Столыпин - [18]

Шрифт
Интервал

Поручик Ягужин, конечно, знал, на что способен с виду вовсе не грозный браунинг; сам вчера для проверки в доски садил так, что щепье летело. Новейший револьвер – не пистоль лермонтовской поры!

– Петр Аркадьевич, цельтесь еще до подхода к барьеру, – наставлял он, не очень-то веря в свои наставления. – Дальность стрельбы у браунинга хорошая, поэтому берите инициативу в свою руку. Не запаздывайте.

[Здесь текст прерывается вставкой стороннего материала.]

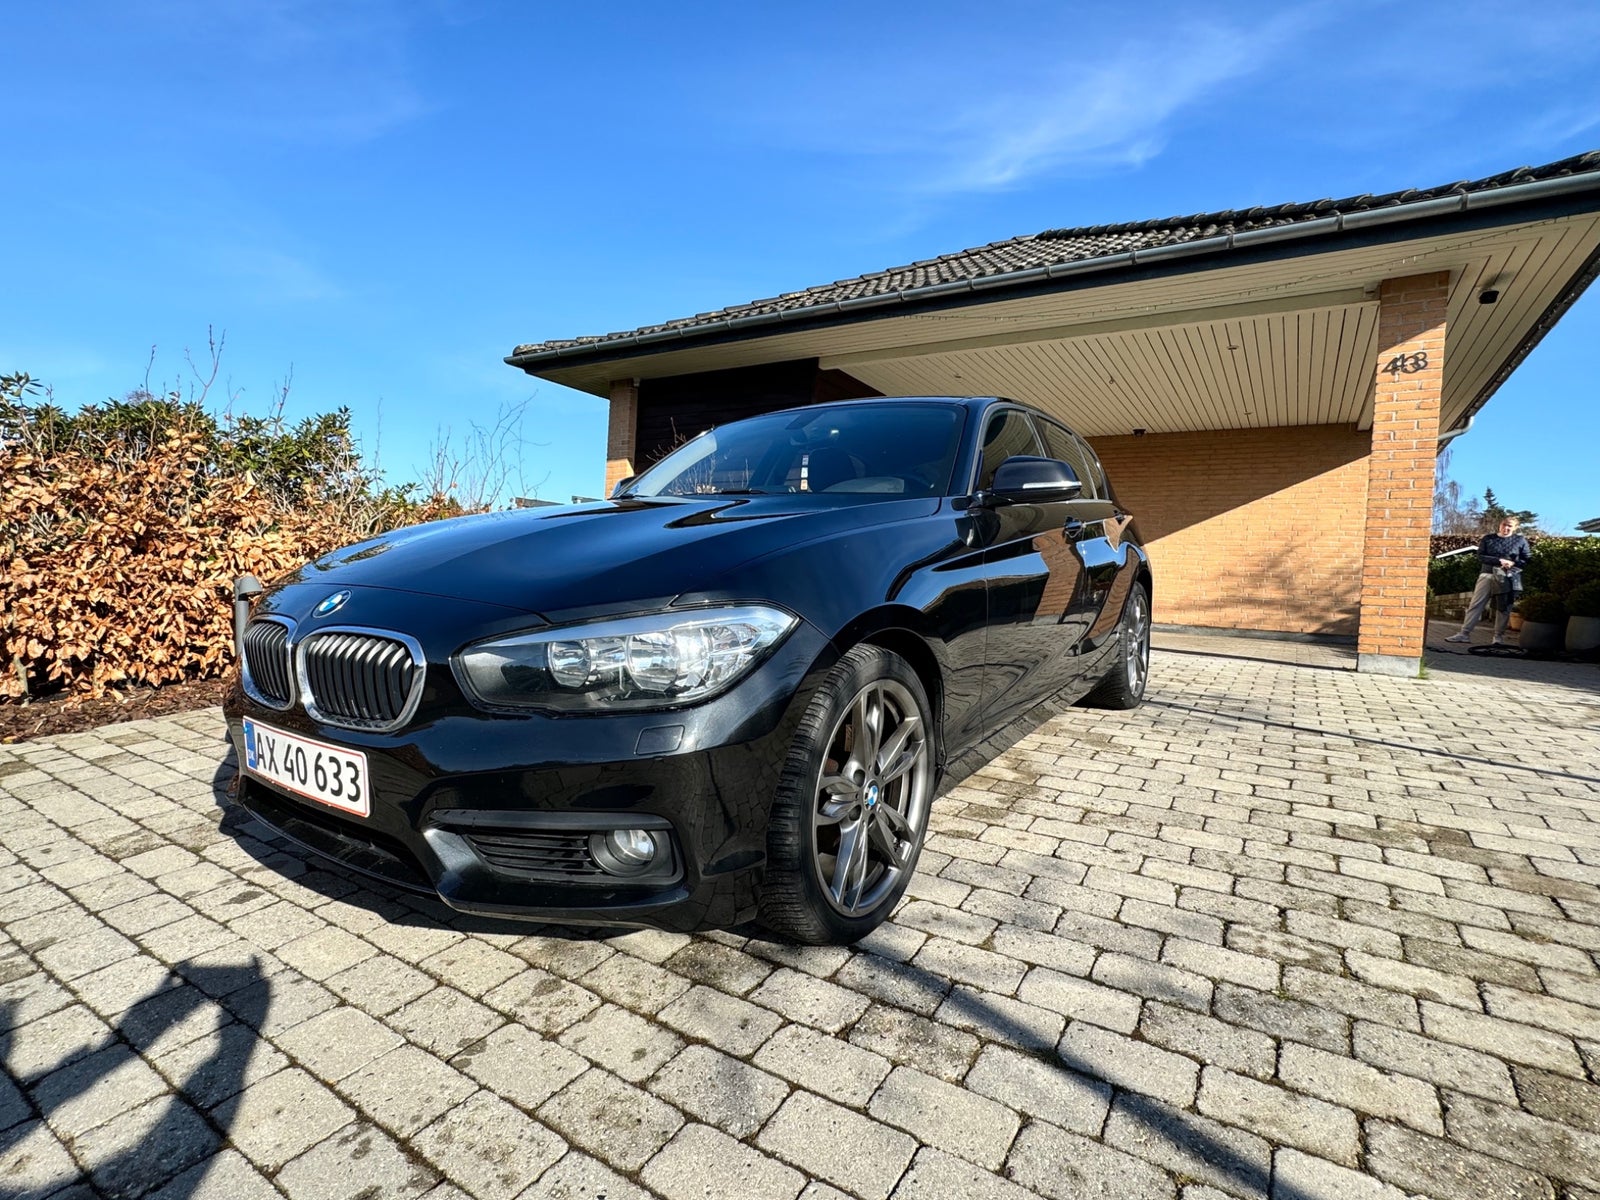 BMW 118d 2,0 Advantage Diesel modelår 2016 km 191000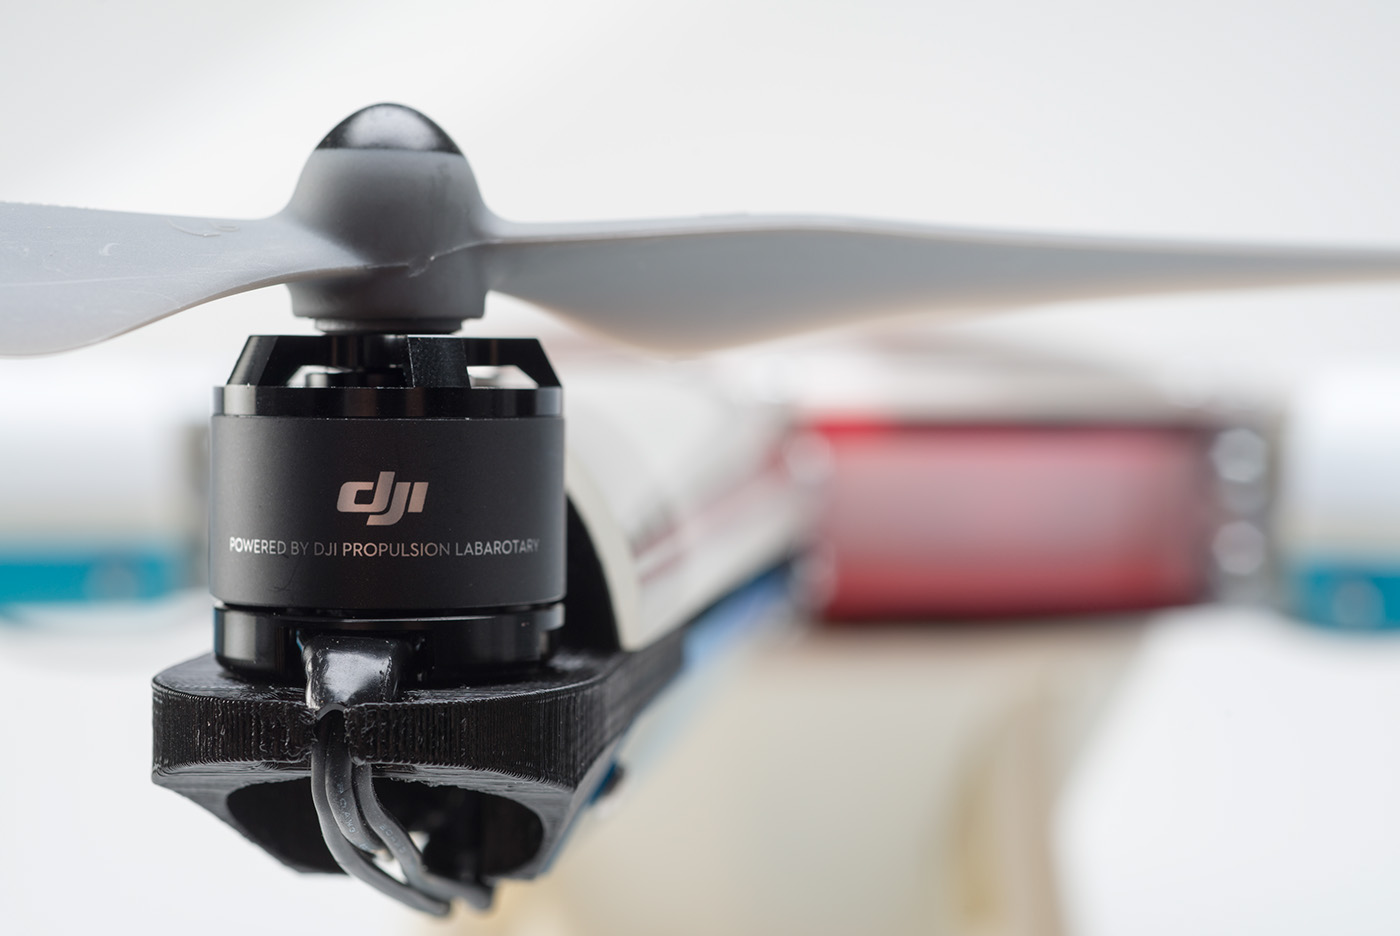 hexacopter quadcopter drone Fly plane DJI Motor prototype model making Model Making

Петр и не думал запаздывать. Он выставил браунинг вперед еще на первых шагах. Князь же шел с опущенным к колену стволом. Если бы Петр что-то понимал, он бы наверняка догадался, что князь думал: «Только дураки торопятся! Всю дистанцию на вытянутой руке браунинг не удержать…»

И верно, на половине отмерянных камнями шагов Петр почувствовал, что револьвер ведет то вправо, то влево, а хуже того – вниз, словно там, на носках военных сапог князя, и была его голова.

А черный зрак противоположного браунинга все так же свисал к колену, видно, не решаясь посмотреть в глаза противнику, который с вытянутой рукой подходил все ближе и ближе…

Уже перебирая пальцами…

Как вдруг!

В последний момент Петр попытался тоже резко вскинуть свой затяжелевший револьвер, для чего и поднял, оголив всю руку, а оттуда…

…полыхнуло дымком…

…вроде бы не страшно, но…

…рука-то своя дрогнула, дернулась неуправляемо, и…

…вороненый револьвер выпал из нее, как черный, глупый галчонок, еще не научившийся летать…

Петр с недоумением уставился на бедолагу. Что?.. Так и не раскрыв рта, околевает на камнях?

Он силился поднять его левой, но правая обвисшая рука тянула в сторону, и наперерез уже бежали секунданты, крича:

– Дуэль, господа, закончена!..

Боли Петр не чувствовал, хотя рука плетью перешибленной болталась у бедра. Вот слова князя Шаховского услышал:

– Молите Бога, Столыпин, что я хорошо стреляю и смог вместо башки дурной попасть в дурную руку. Ей только ложку держать! Счеты кончены. Если нет ко мне претензий, честь имею!

Претензии?..

Как оказалось, пуля даже кость не задела, мякоть пониже локтя прошила.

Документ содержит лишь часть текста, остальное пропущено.